For those considering the approach, Bonifacio offers a candid word of encouragement: “I have a very positive opinion, although I think that it’s not easy to start. Therefore my advice would be not to give up when difficulties emerge at the beginning, because things become easier once a common language has been established.” Madureira echoes the spirit: “Ultimately, Living Labs are less about applying a method and more about building a process of continuous interaction, adaptation, and co-ownership of outcomes.”
Looking Ahead: Living Labs at the Heart of European Soil Policy
Both researchers are optimistic about the future role of Living Labs in European soil science and policy. For Madureira, they are positioned to serve as interfaces between science, practice, and policy, “supporting the development and testing of long-term solutions with local stakeholders.” By linking local knowledge, scientific evidence, and policy frameworks, Living Labs can help ensure that soil health strategies are both effective and durable. They also reinforce the role of local communities in delivering the soil health mission over time.

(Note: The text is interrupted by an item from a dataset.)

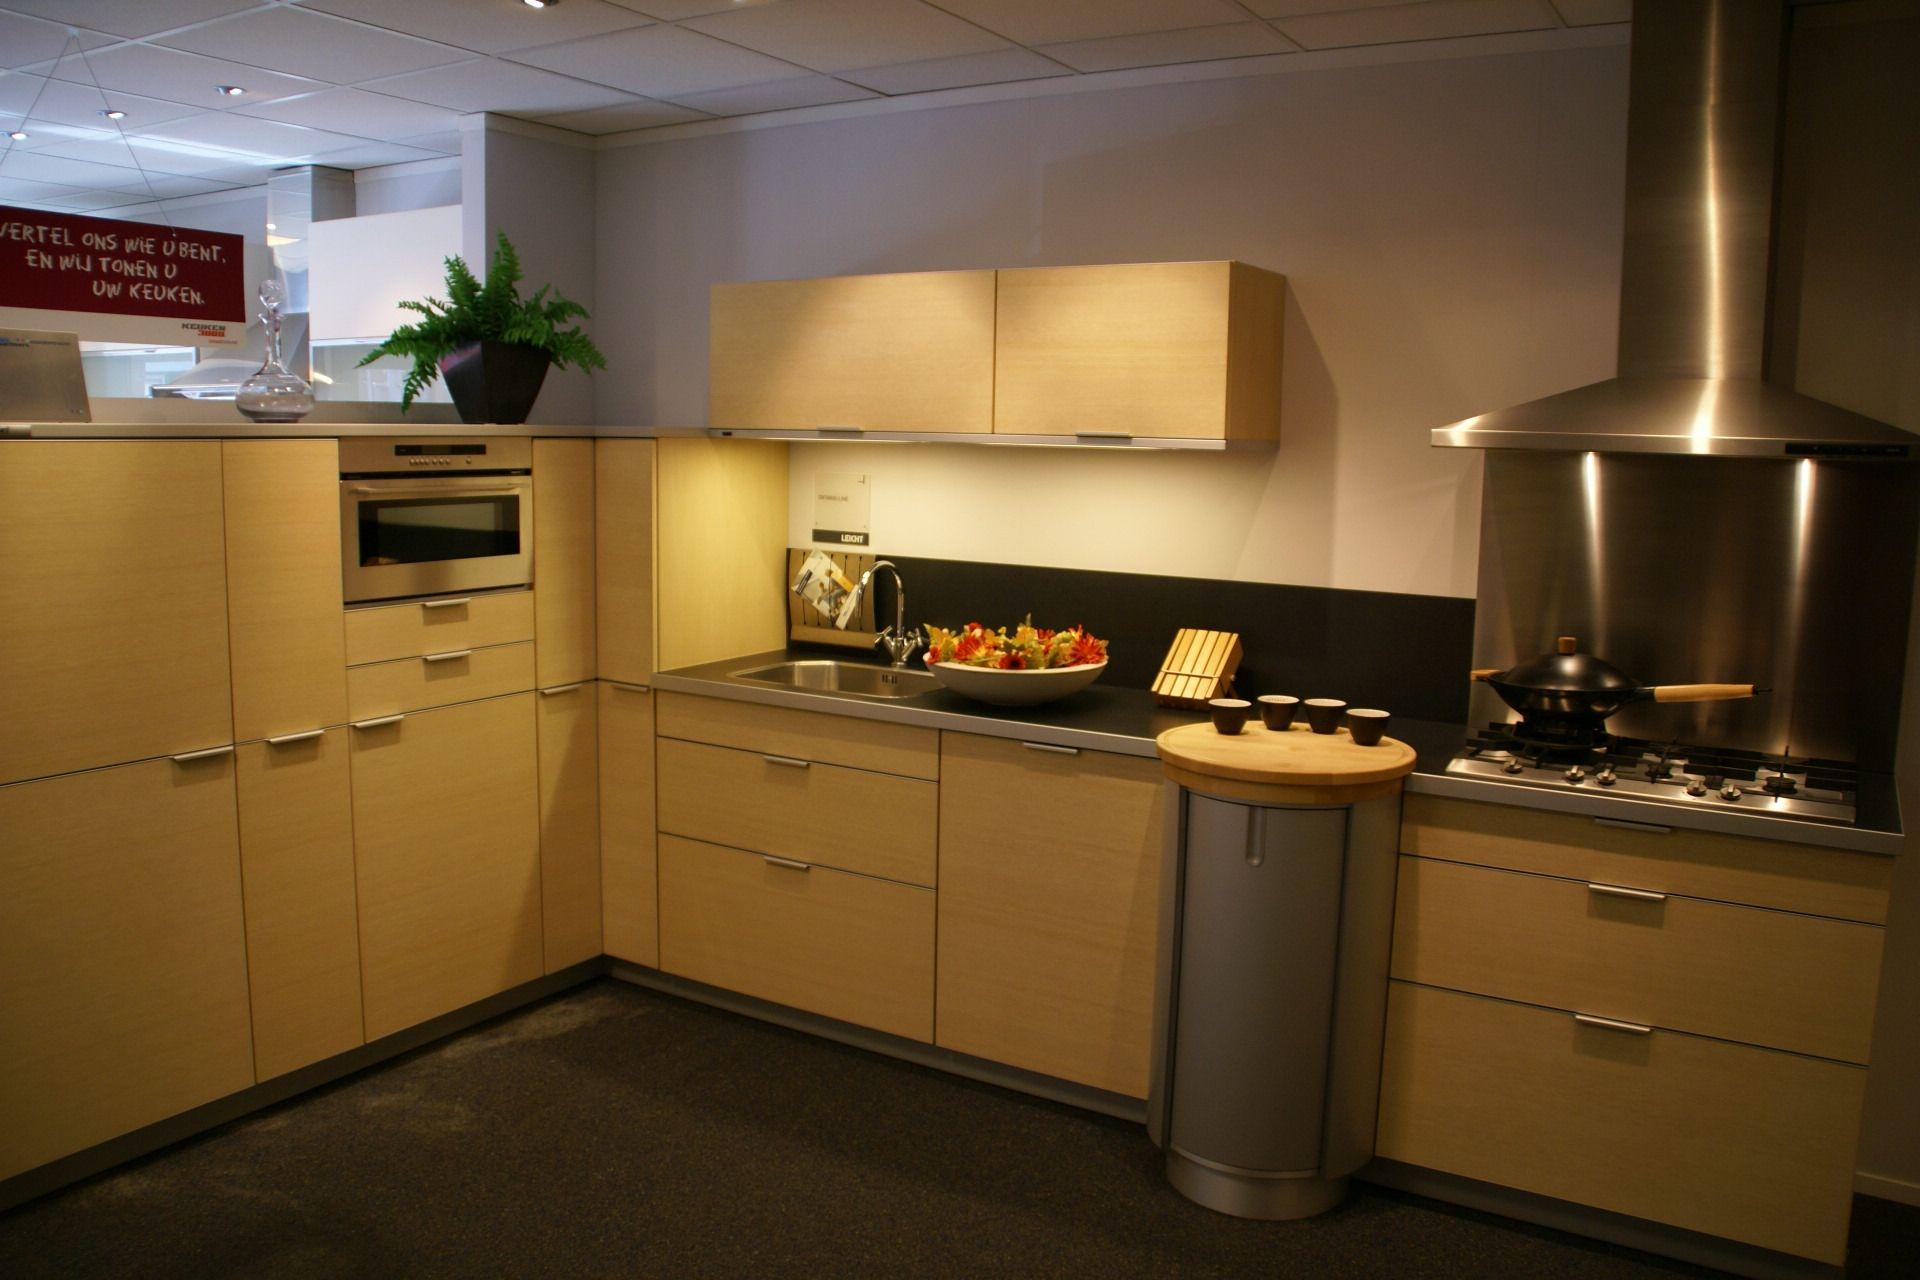 Hoekkast Keuken Maten : Showroomkorting.nl De voordeligste woonwinkel van Nederland
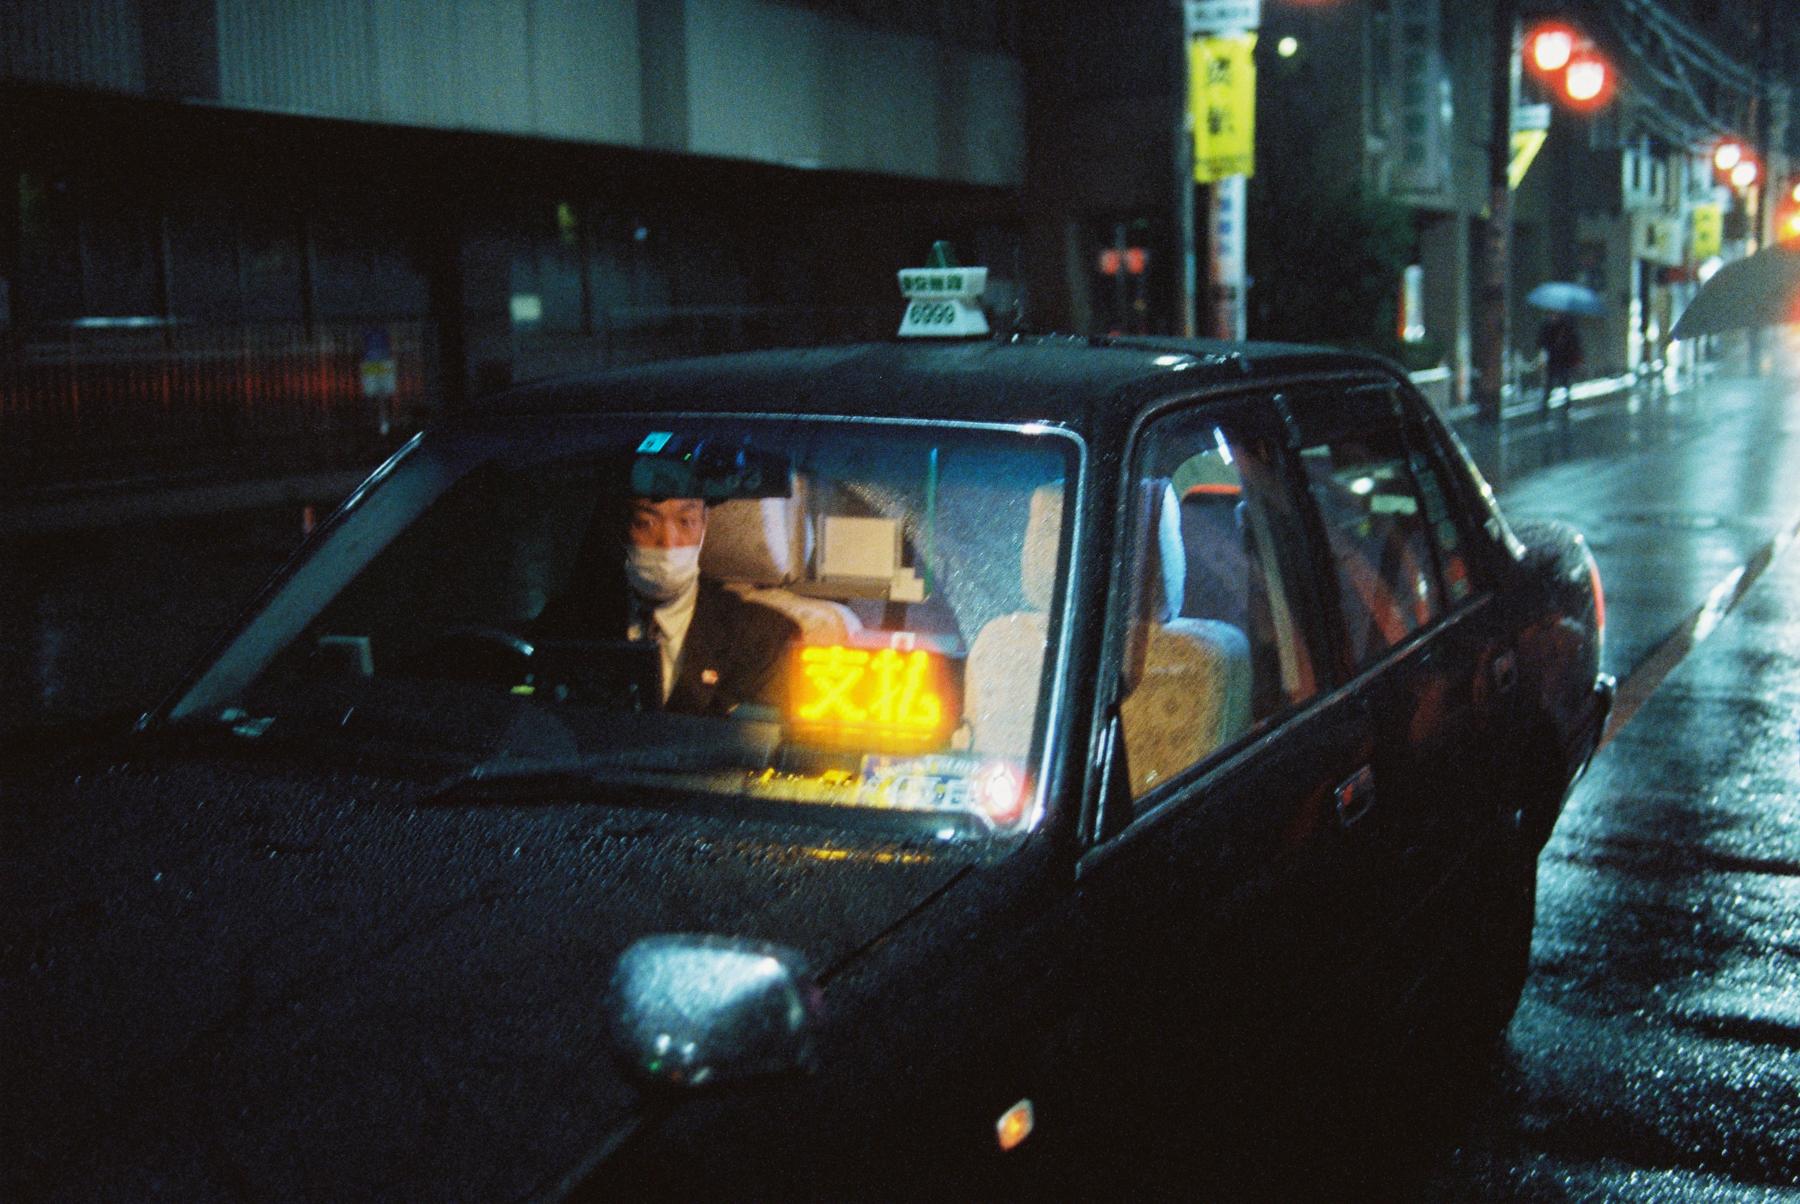 Shibuya Night | Nikon FE 35mm f/2 | Gili Benita

Bonifacio sees Living Labs as uniquely powerful for knowledge transfer, but is careful to note their limits. “Because of the involvement of many different actors and of the co-creation process, they are for sure more effective than a top-down approach. On the other hand, they must be only a part of the research activities.” Real-world conditions make it difficult to isolate variables, some forms of mechanistic scientific understanding still require controlled experimentation.
In this sense, Living Labs are not a replacement for traditional research. They are its necessary companion. Living Labs are the bridge that ensures what is discovered in the laboratory finds its way into the field, shaped and owned by the people who will live with the results.
Eleonora Bonifacio is a soil scientist at the University of Turin (UNITO) (Italy) and a Living Lab coordinator within the LivingSoiLL project. Lívia Madureira is a researcher at the University of Trás-os-Montes e Alto Douro (UTAD) (Portugal) and a specialist in rural innovation and participatory processes.